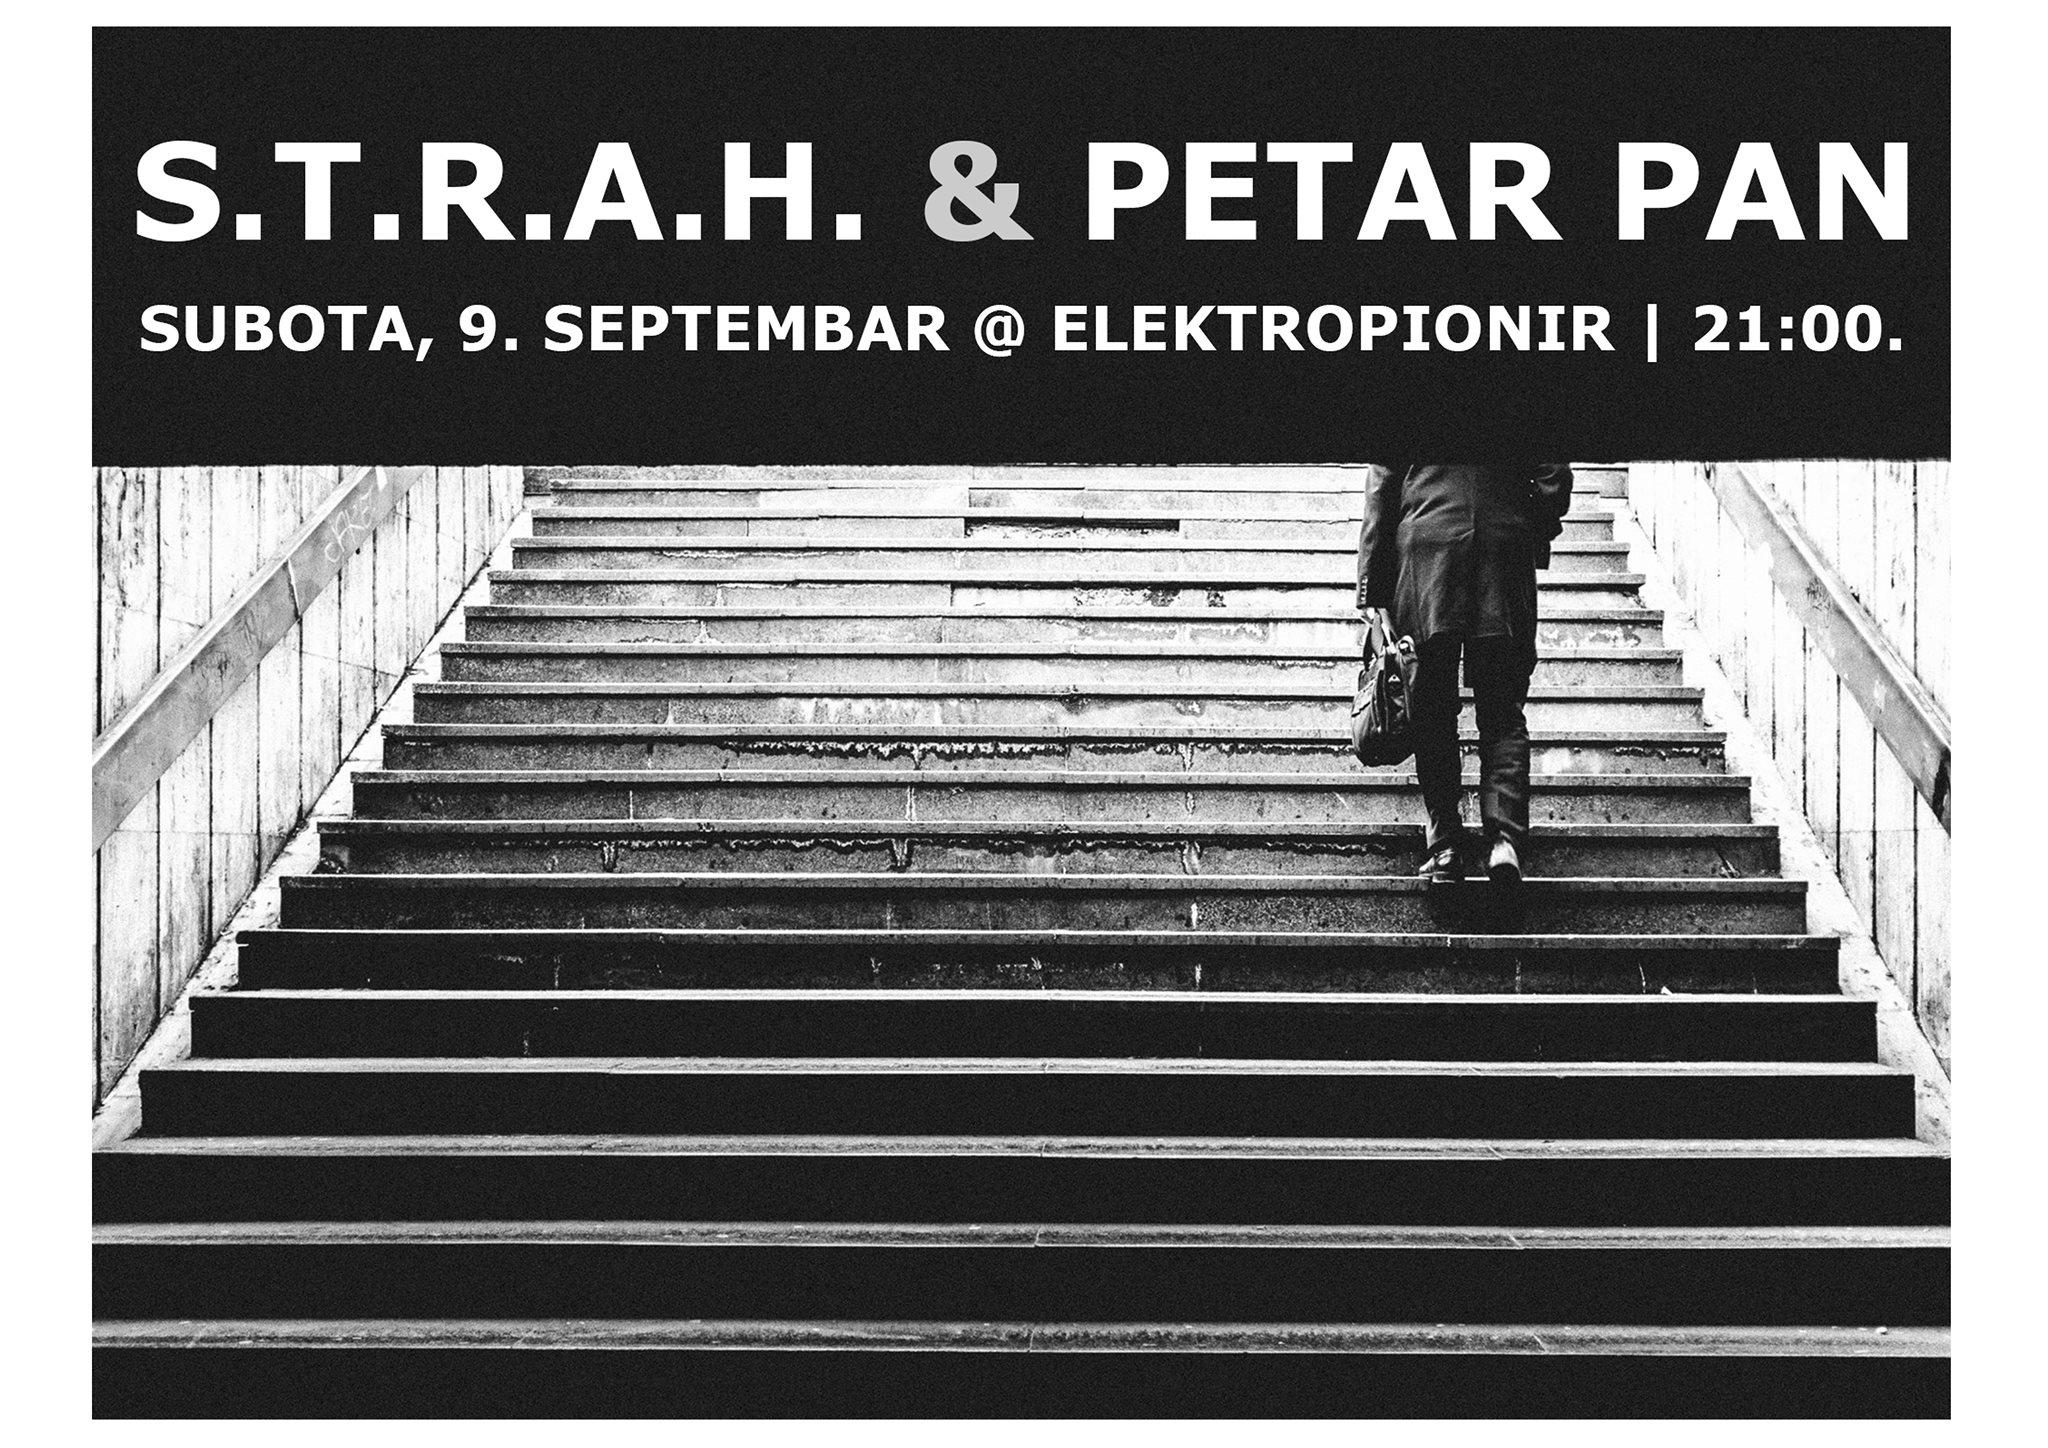 S.T.R.A.H. i PETAR PAN Elektropionir
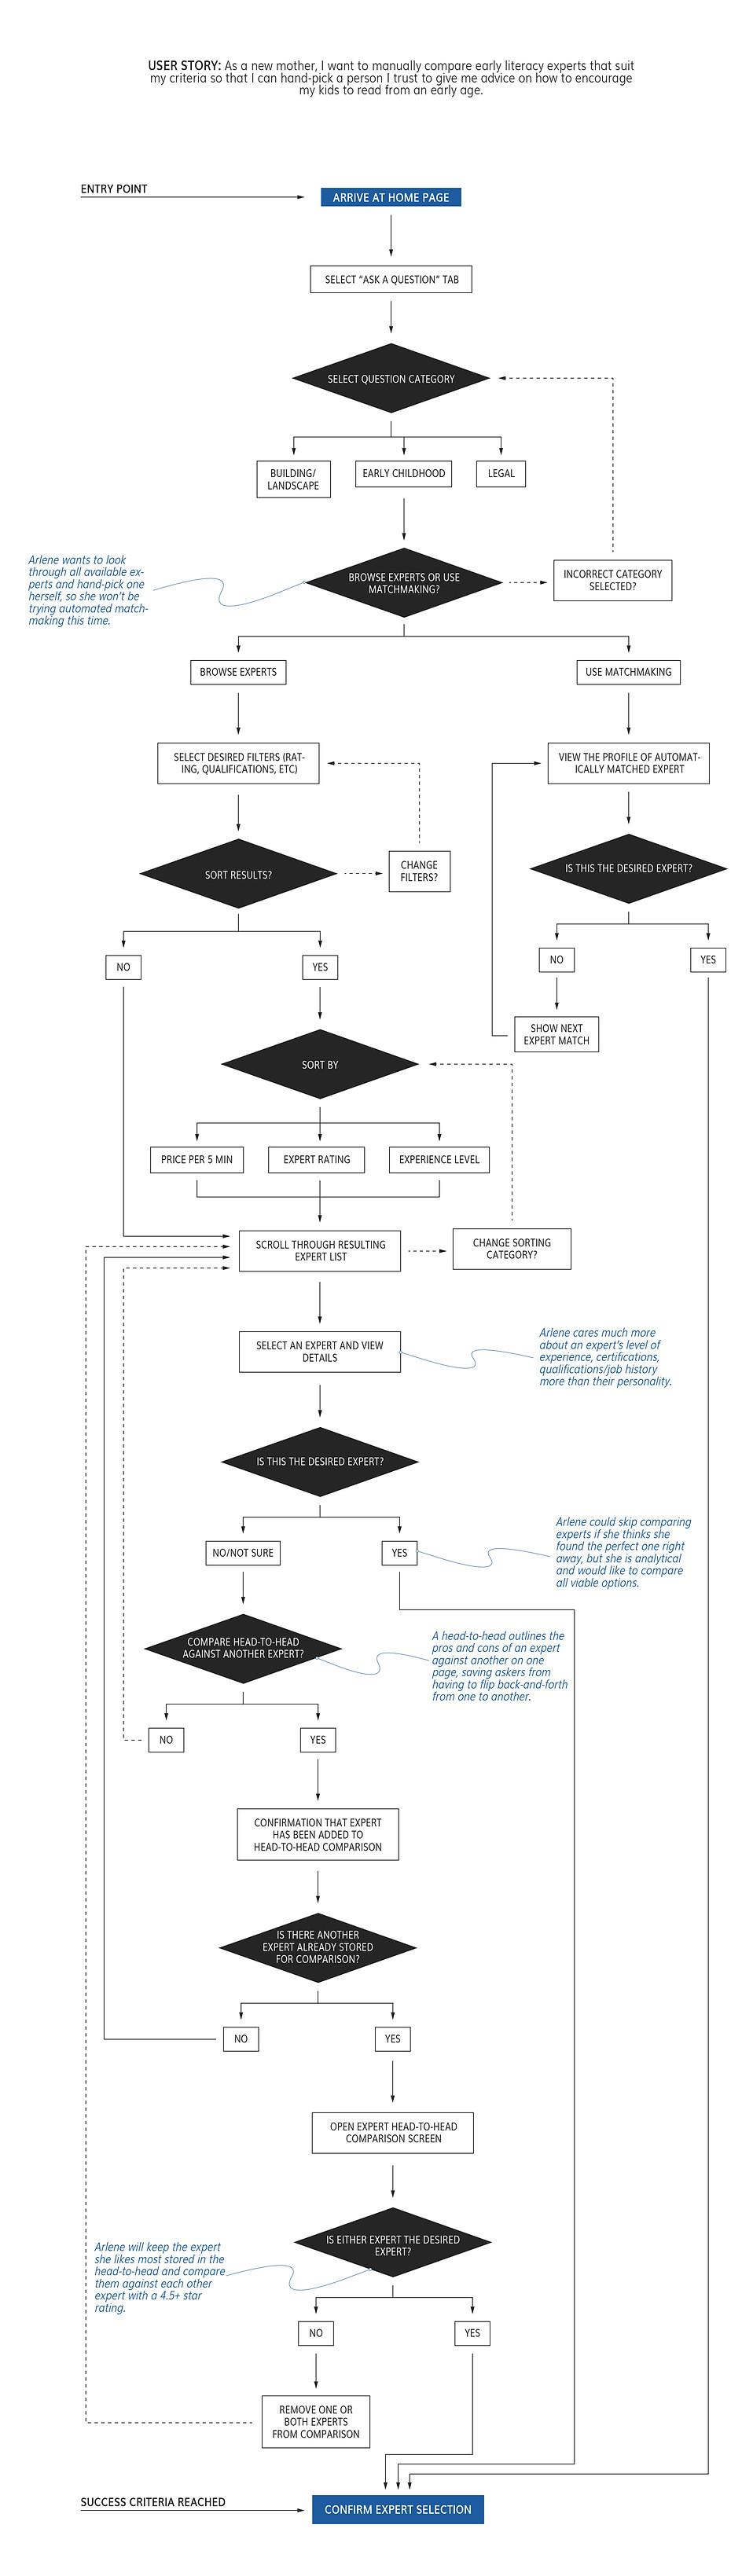 User Flow: Choosing an Exert
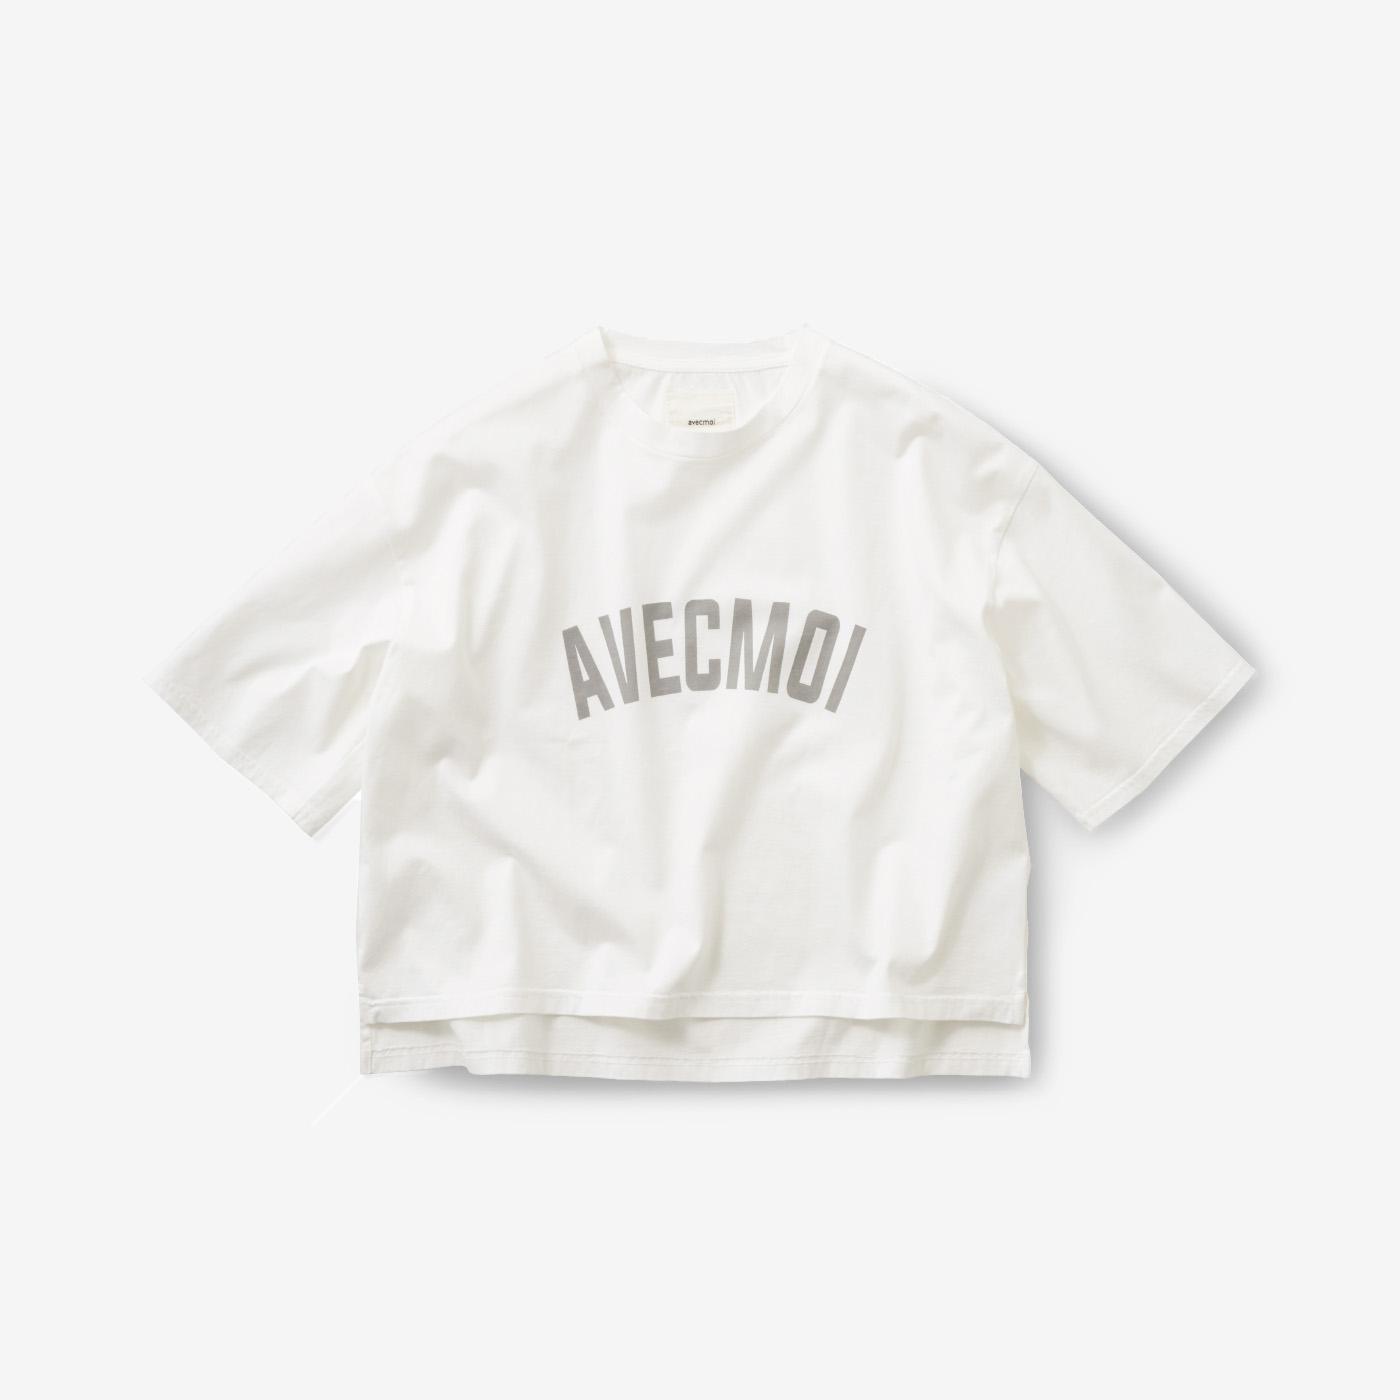 フェリシモ avecmoi ロゴTシャツ〈ホワイト〉

- _What the task requires_: No pictures, please. Output the listing above exactly as it stands.

- _Output below_:
 S.T.R.A.H. i PETAR PAN Elektropionir
 User Flow: Choosing an Exert
 フェリシモ avecmoi ロゴTシャツ〈ホワイト〉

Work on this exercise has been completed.